The Glowing Eyes Job Letter

Let’s get this out of the way: Vince McMahon is a terrible person. But, the Vince McMahon Glowing Eyes meme is really excellent. You probably know it and know that it builds from a modest claim to a more exciting one to even more exciting ones, leading to McMahon’s Glowing Eyes.

In 2022, I was on the job market and decided it was time to take a very different rhetorical approach to my job letters. What I had noticed over the years is that academic job letters often start with broad topic sentences and then follow them with ever-narrowing sentences that provide finer details to support the topic sentence. A broad sentence about a project that makes it really appealing is then followed by a series of sentences that provide detail that make the project seem increasingly less interesting (unless the reader is really familiar with relevant details). Here are two paragraphs, from successive iterations of a job letter, that cover the same ground:

My scholarship largely falls into two streams that intersect around questions of embodiment, temporality, and subjectivity. One stream draws on historiographic, media-based, and ethnographic approaches to analyze the contexts that make “neurological disorders” objects of concern for scientists, health care workers, patients, and their families.

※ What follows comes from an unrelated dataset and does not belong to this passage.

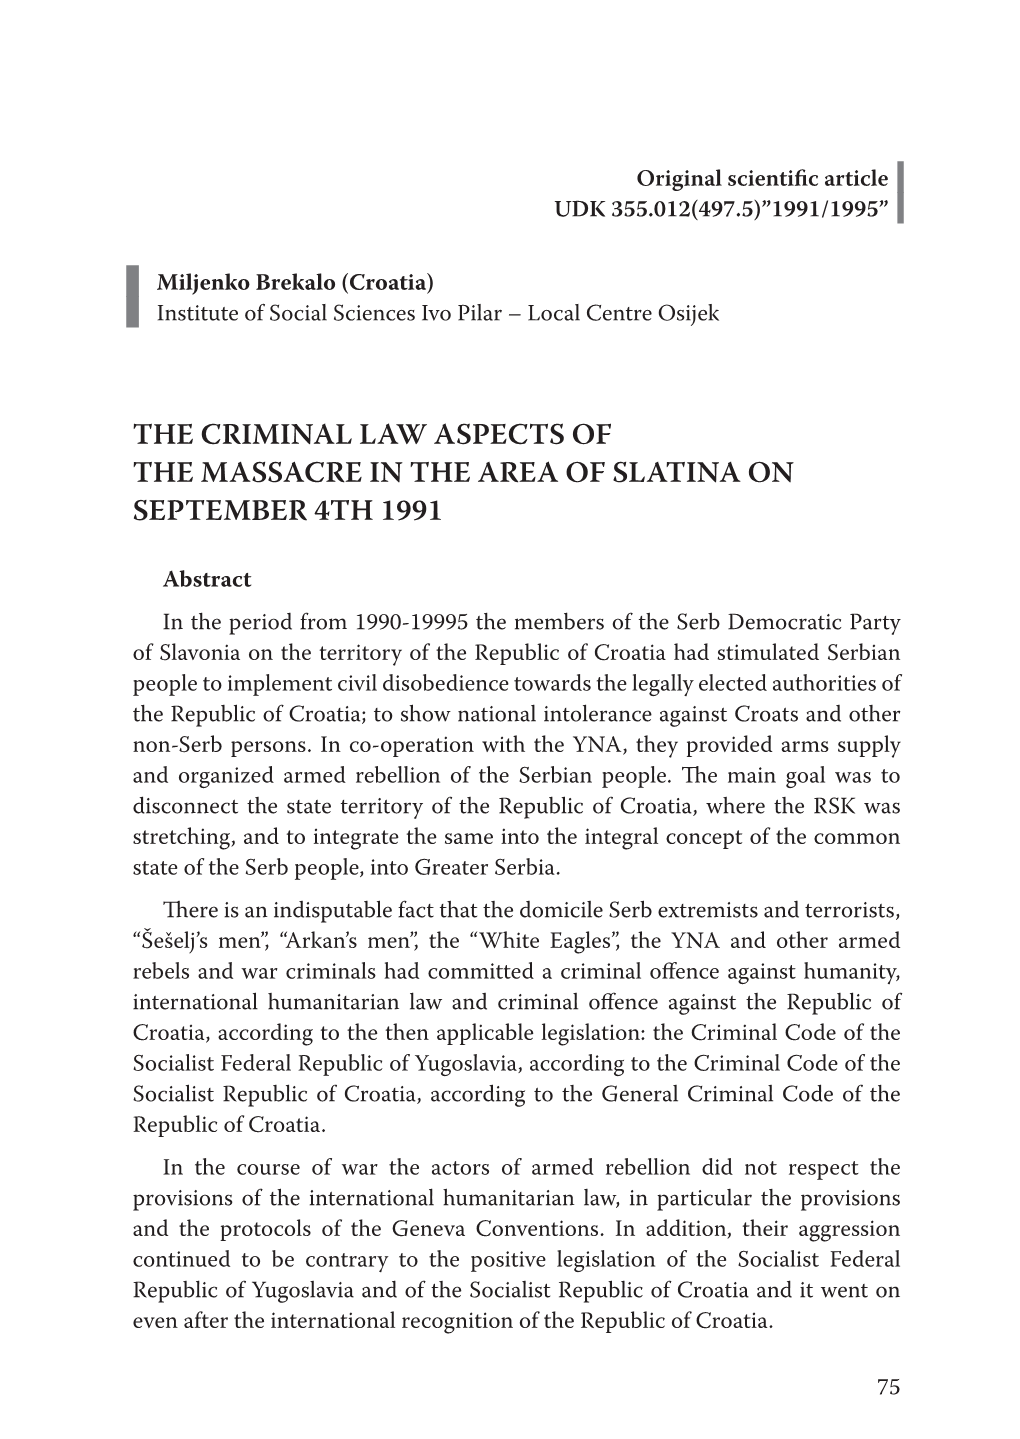 The Criminal Law Aspects of the Massacre in the Area of Slatina on September 4Th 1991
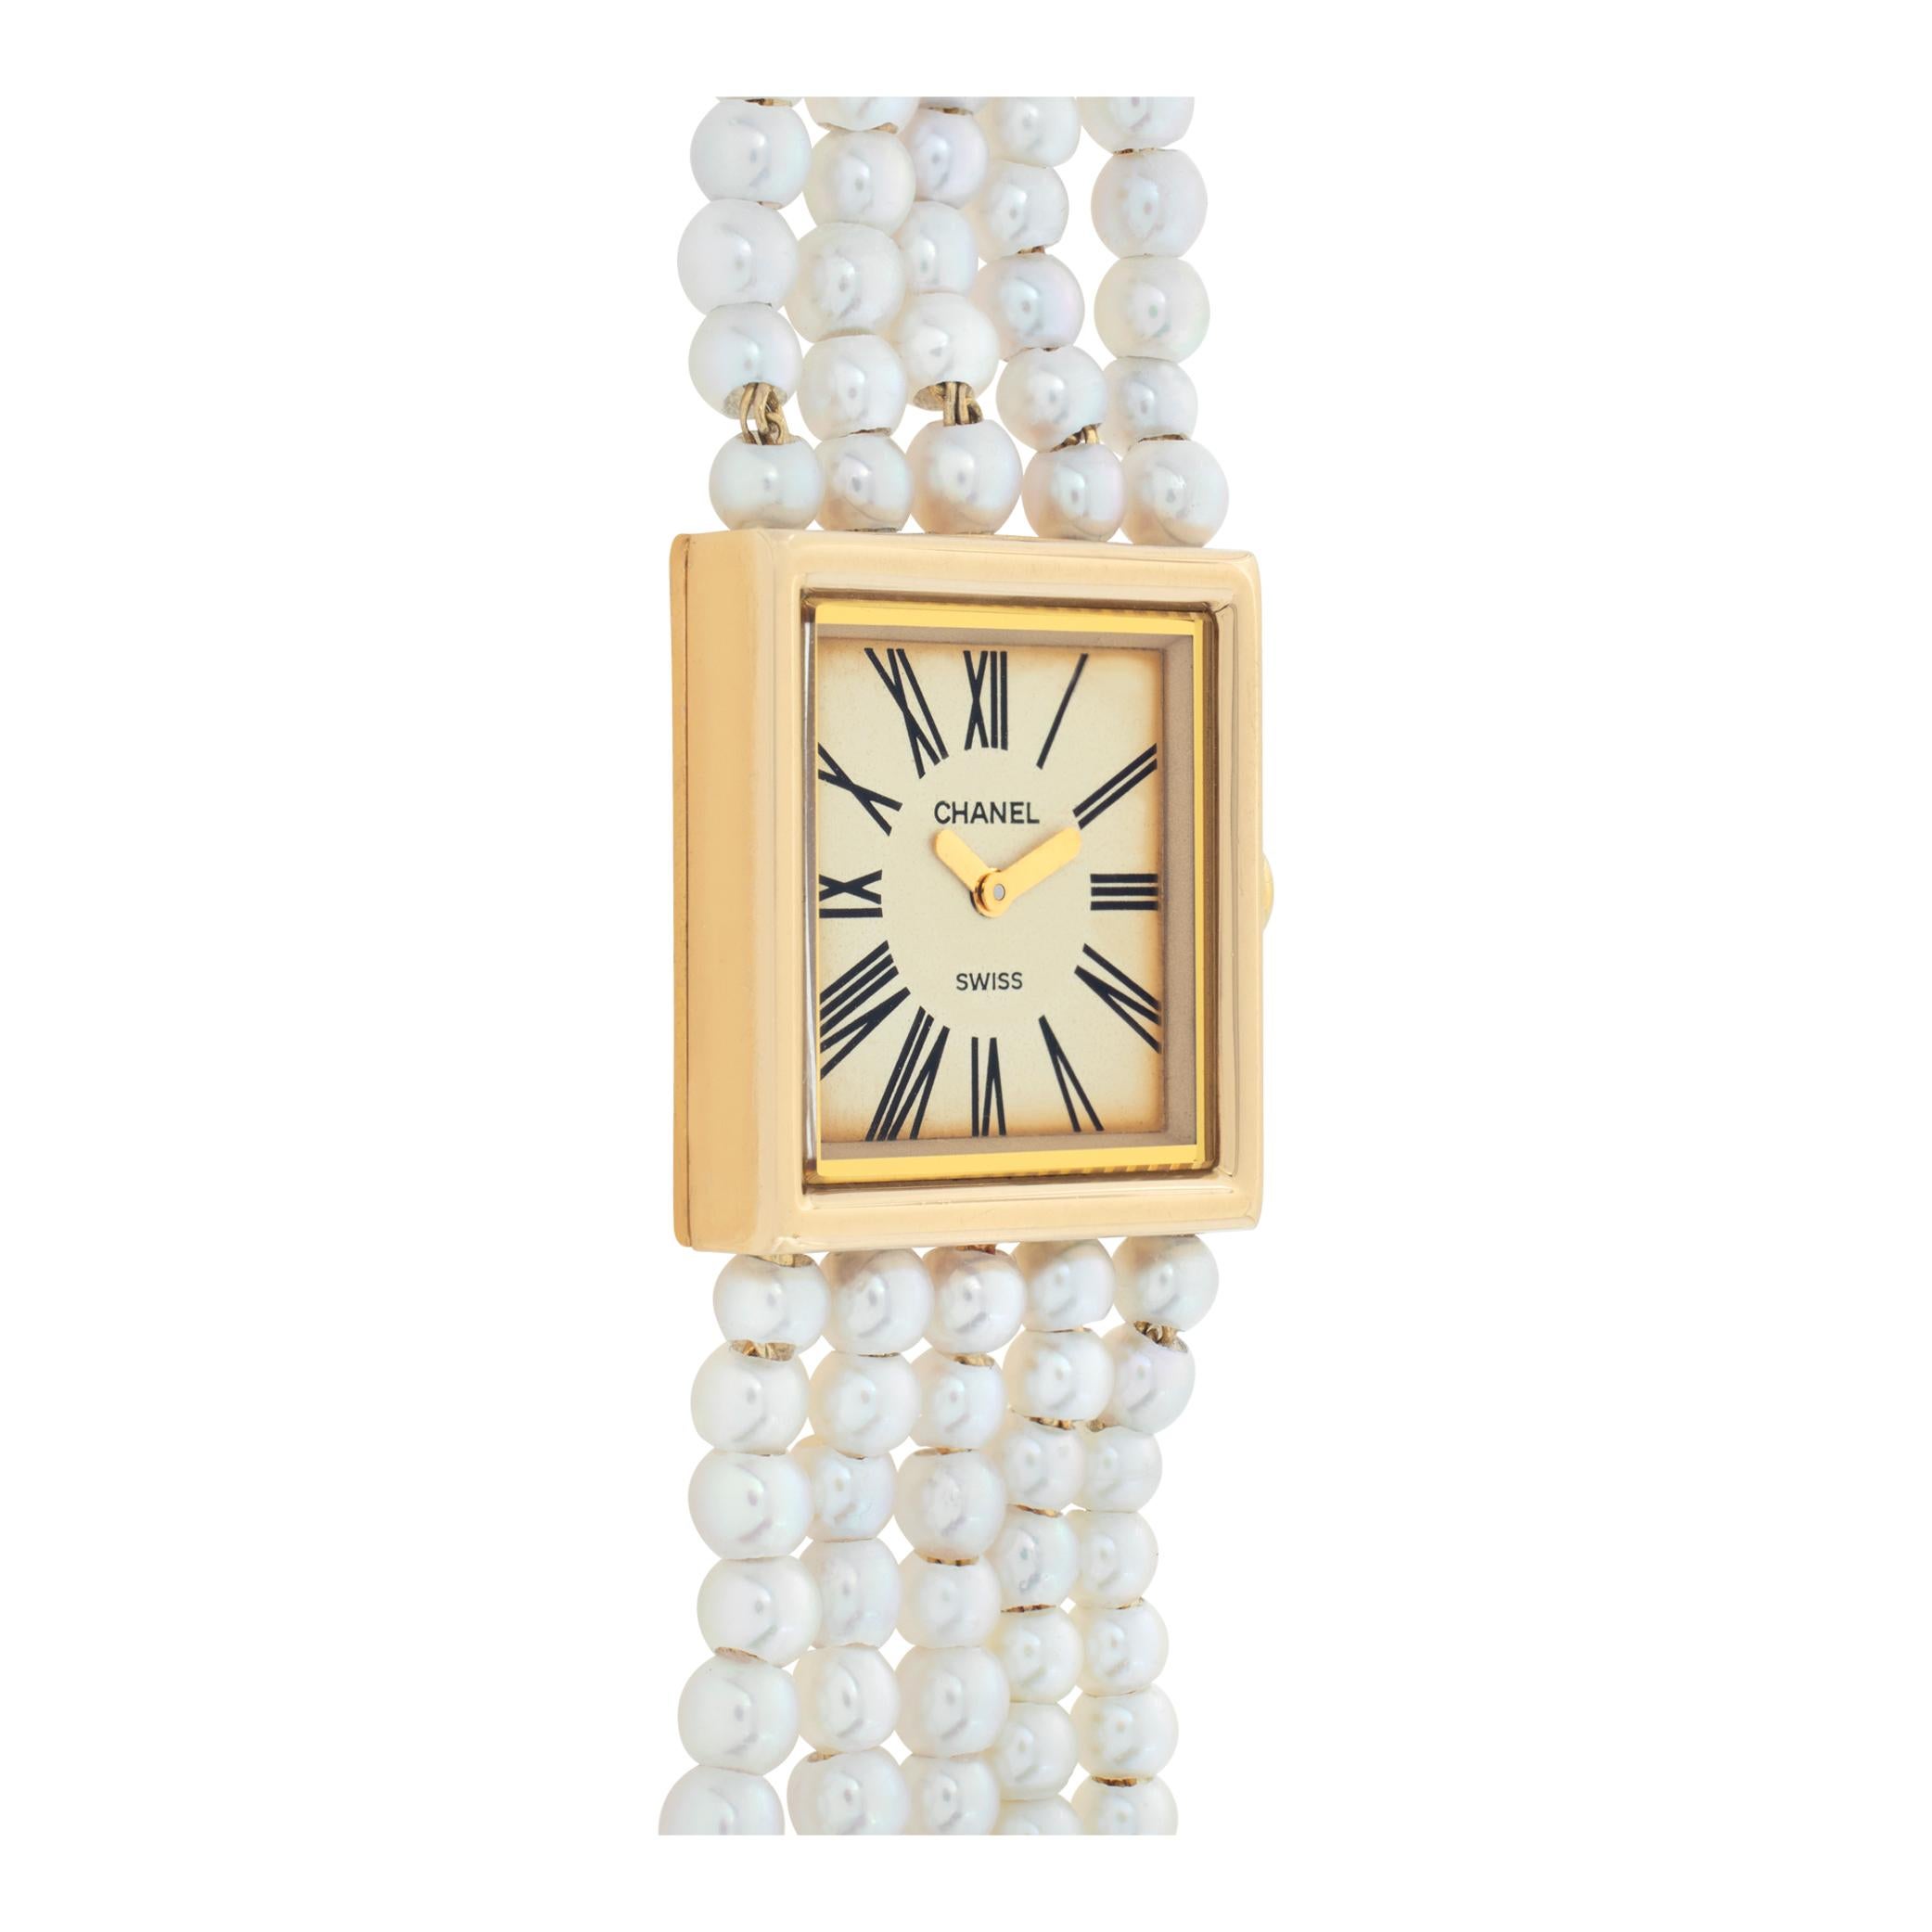 Chanel Mademoiselle in 18k yellow gold with 5 strands of pearls and 18k bracelet. Quartz. 22.4 mm case size. Will fit up to a 6.25

In The Slumbering Masses: Sleep, Medicine, and Modern American Life (2012) and Unraveling: Remaking Personhood in a Neurodiverse Age (2020), my research shows how neurological disorders become sites of profound social and personal transformations for individuals and families as they confront changes to beliefs about personhood, subjectivity, and everyday life in the U.S. In The Slumbering Masses, I show how the history of industrial capitalism shaped ideas about innate human nature—as expressed in sleep and wakefulness—and laid the foundation for contemporary American everyday life in ideas about whiteness and typically abled-bodies. In Unraveling, I demonstrate how attending to communication disorders—autism, aphasia, and deafness—troubles conceptions of subjectivity as principally being based in an individual’s capacity for speech. These assumptions have structured the practice of psychiatry and medicine in the U.S. and shaped social theory in and beyond the humanities and social sciences. Developing a metalanguage of care based on family experiences of caring for disabled family members, Unraveling forwards an anthropologically-informed theory of “affective bioethics” to reconceptualize how institutions can support families in their interdependent relationships. The other stream of my research focuses on speculative practices, particularly in cinematic and literary science fiction and within scientific and medical knowledge production. This work draws on popular and scientific media and focuses on ideas about the future in the context of the Anthropocene and changing dynamics around racism, environmentalism, and capitalism in relation to the articulation of more inclusive and sustainable futures—captured in Theory for the World to Come (2019) and now the basis for a new project on mental health and climate change, discussed below.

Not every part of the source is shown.